:: Problem to work on ::
Everything below from the line with "LOKIPA 合皮 生地" through the line with "Стоматология – Диафрагмы" must be retyped exactly, except the pictures.

:: Input material ::
-*-*-

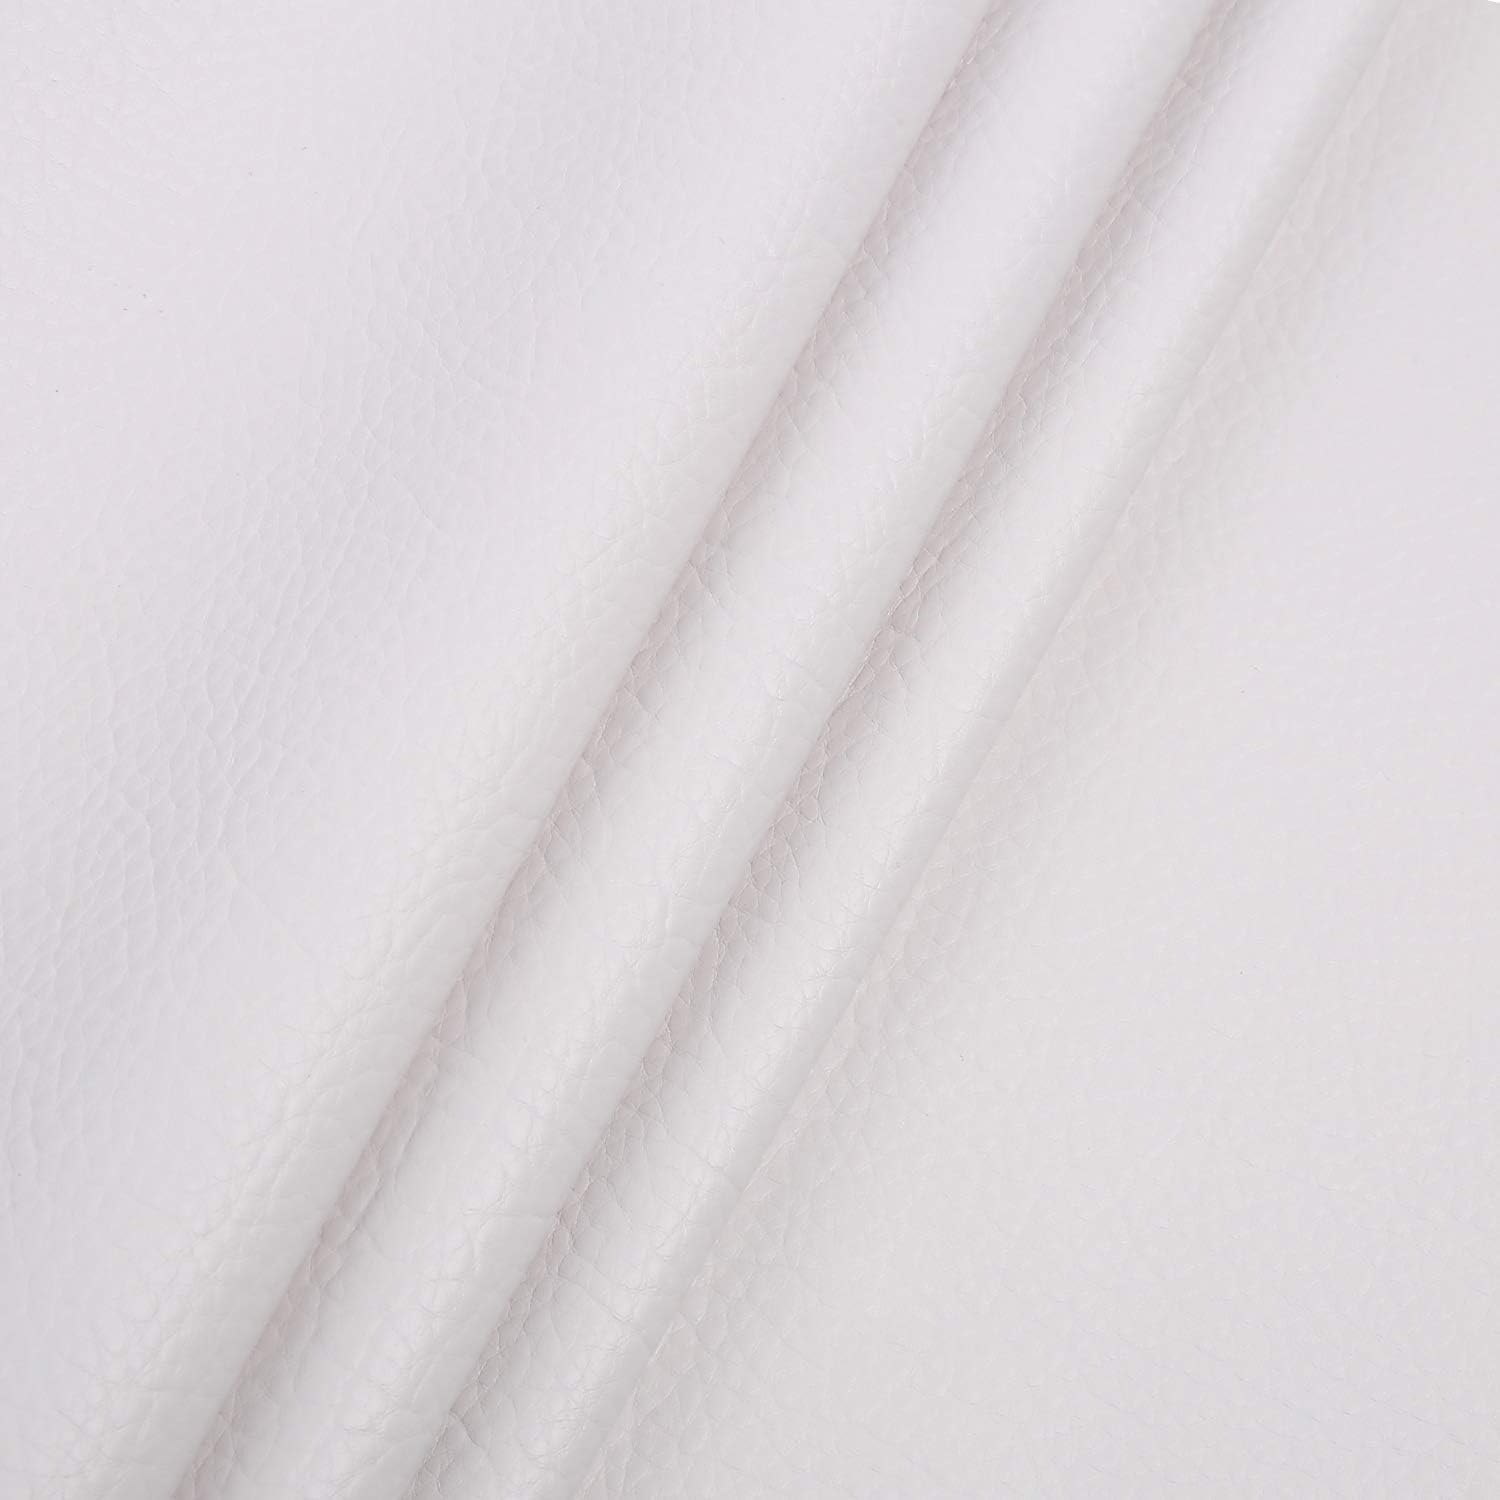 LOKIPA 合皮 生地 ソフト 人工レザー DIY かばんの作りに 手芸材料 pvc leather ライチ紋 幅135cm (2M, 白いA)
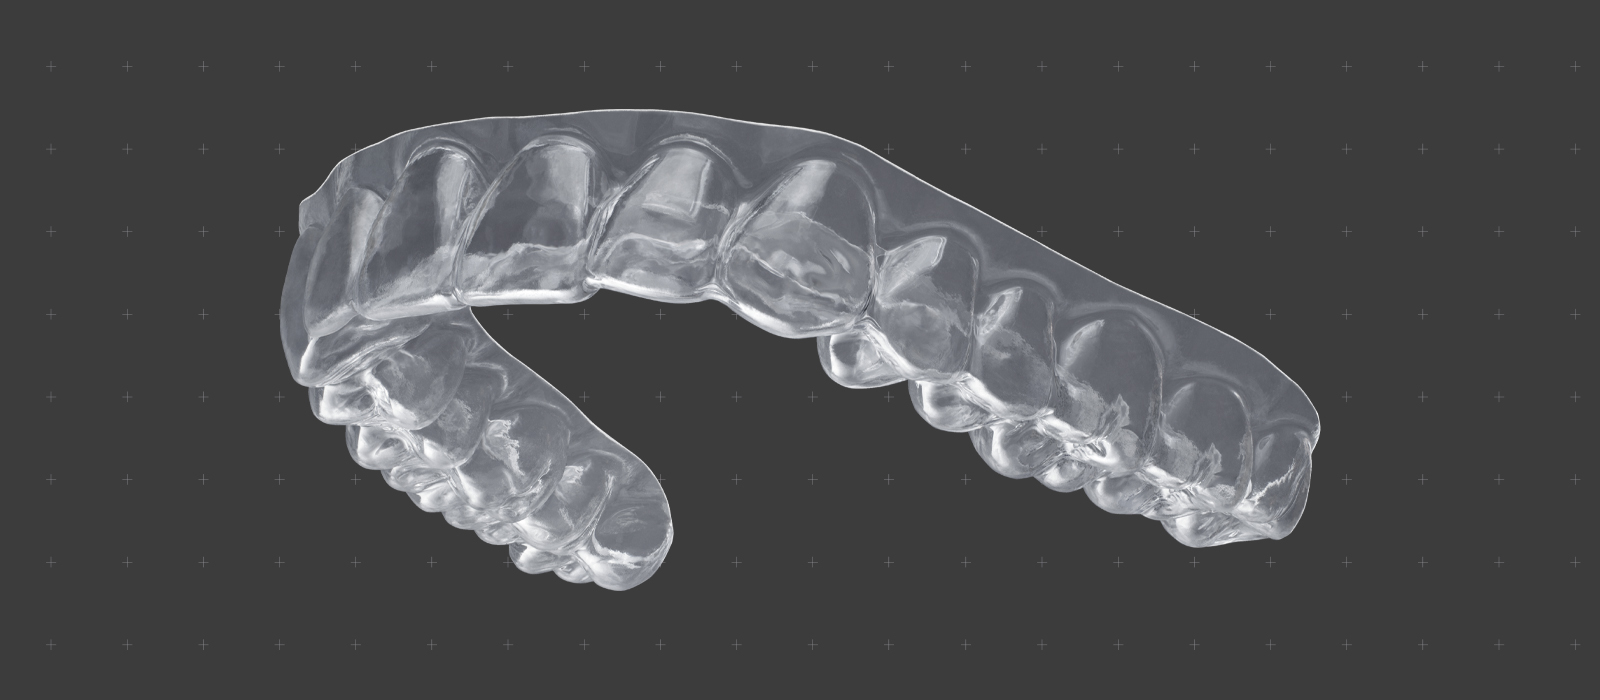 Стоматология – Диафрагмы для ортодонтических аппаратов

-*-*-

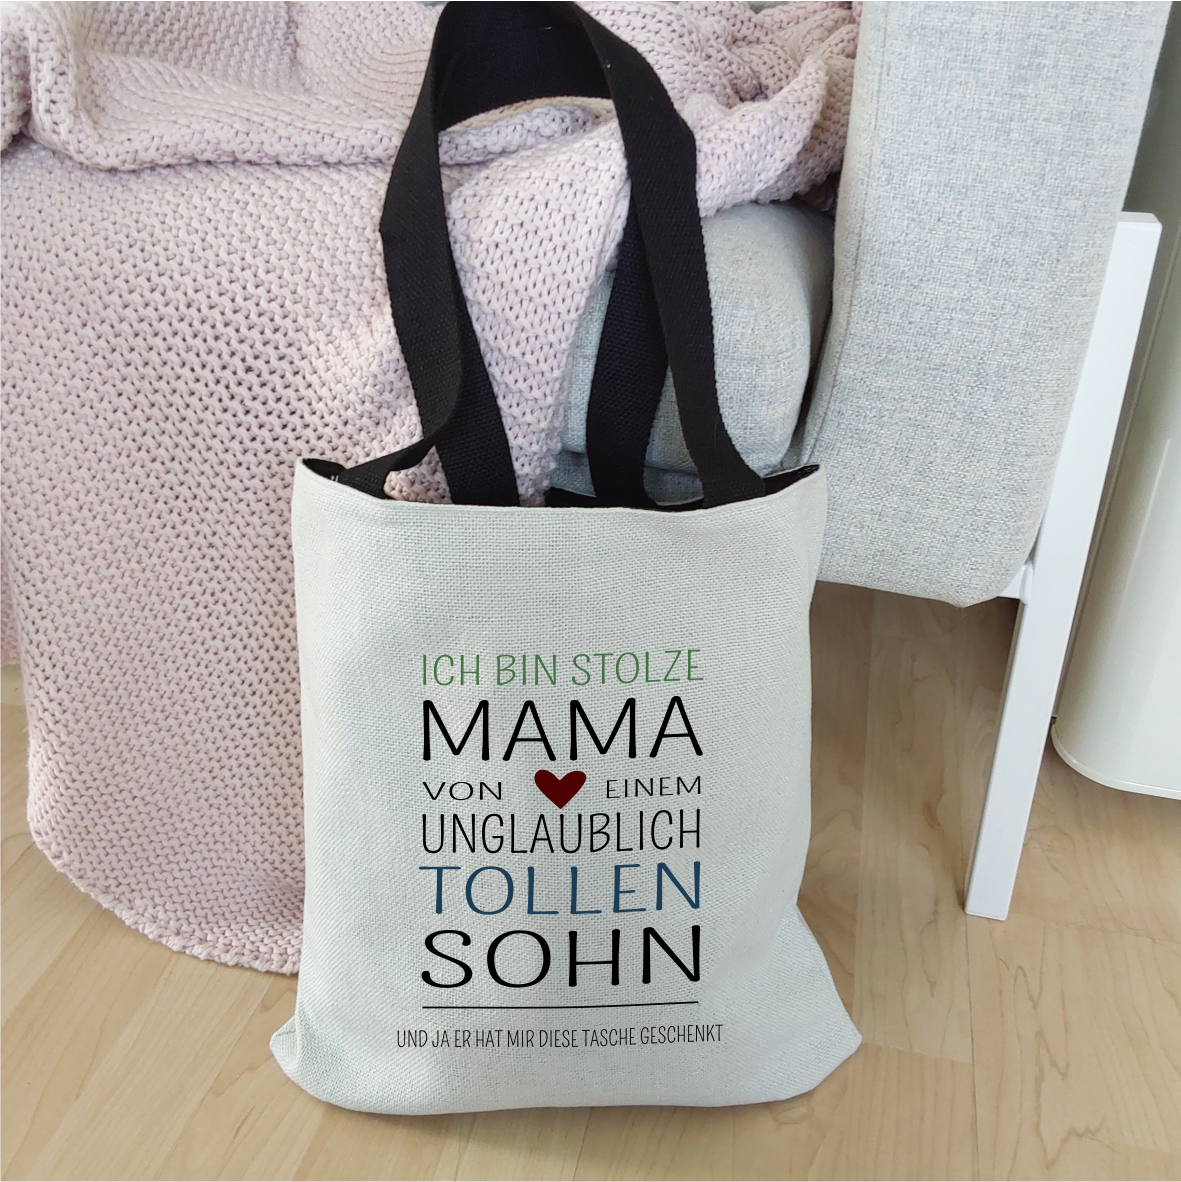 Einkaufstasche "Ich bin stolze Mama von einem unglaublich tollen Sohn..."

-*-*-

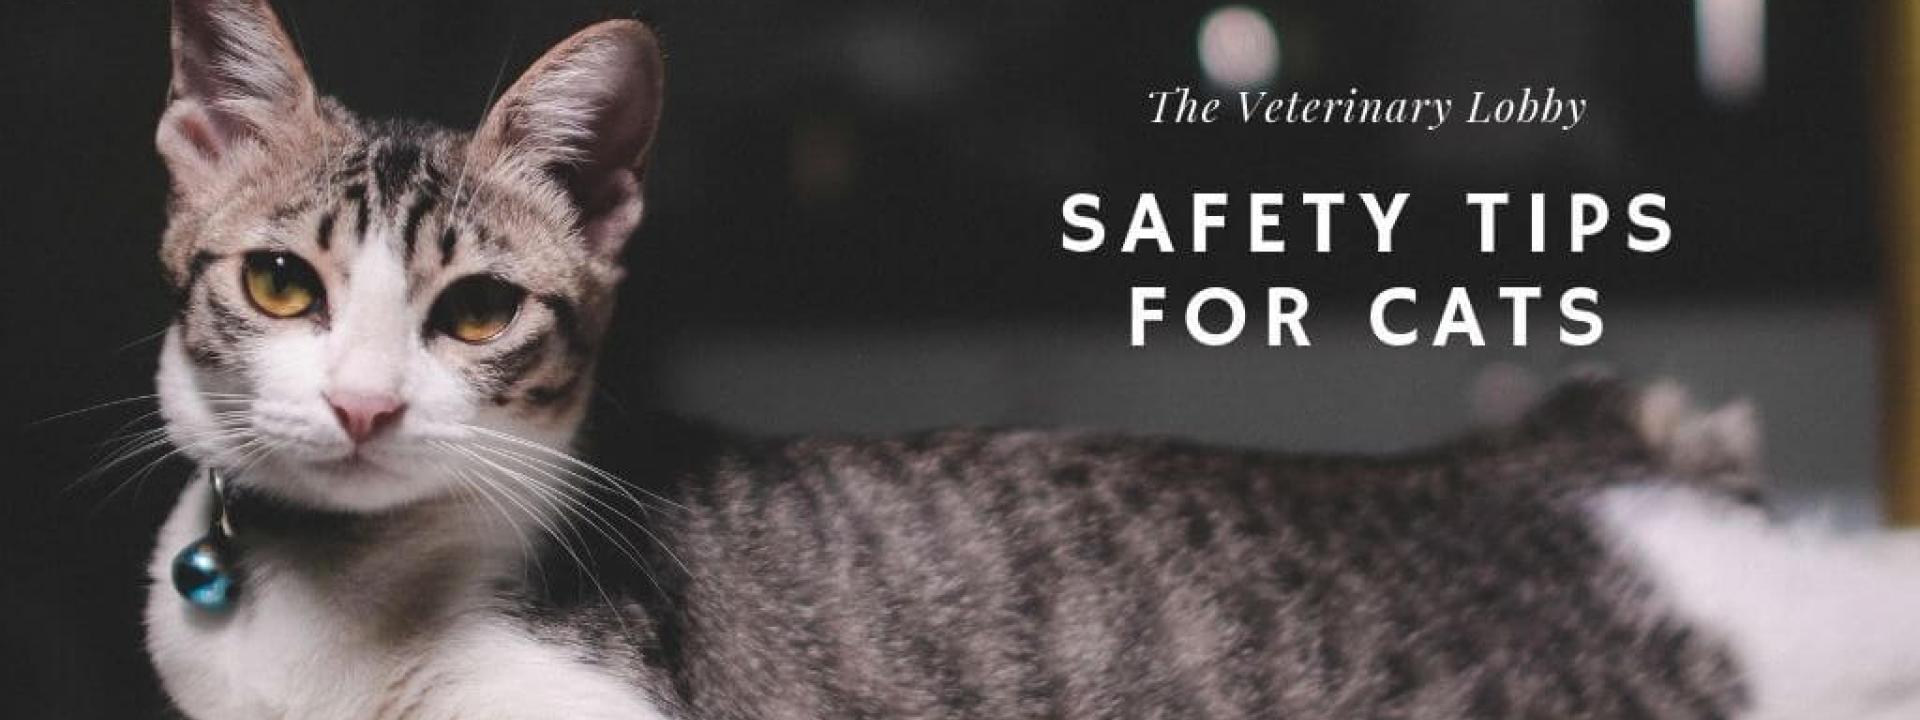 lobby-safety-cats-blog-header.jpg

-*-*-

:: Your solution ::
 LOKIPA 合皮 生地 ソフト 人工レザー DIY かばんの作りに 手芸材料 pvc leather ライチ紋 幅135cm (2M, 白いA)
 Стоматология – Диафрагмы для ортодонтических аппаратов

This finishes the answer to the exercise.